_Task objective_
Would you output the entries below only from the line containing "Munchen - Rathaus" through the line containing "19th Century Italian", exactly as they stand and with both ends included?

_Material provided_
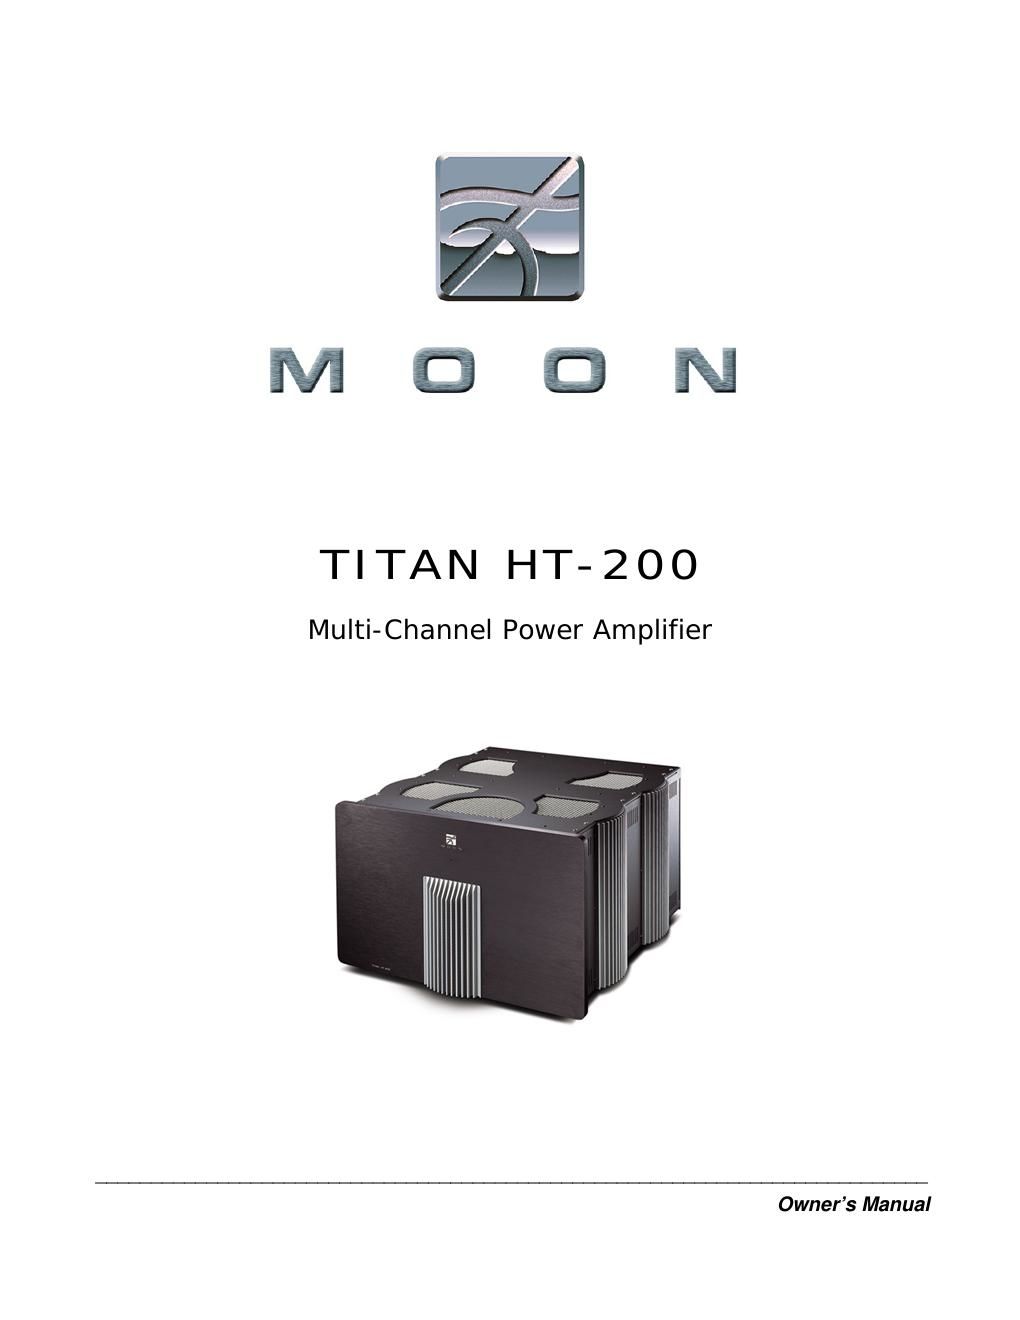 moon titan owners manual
...
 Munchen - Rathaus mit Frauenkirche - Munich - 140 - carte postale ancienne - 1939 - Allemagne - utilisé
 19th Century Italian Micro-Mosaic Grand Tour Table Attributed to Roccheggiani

_Answer_
 Munchen - Rathaus mit Frauenkirche - Munich - 140 - carte postale ancienne - 1939 - Allemagne - utilisé
 19th Century Italian Micro-Mosaic Grand Tour Table Attributed to Roccheggiani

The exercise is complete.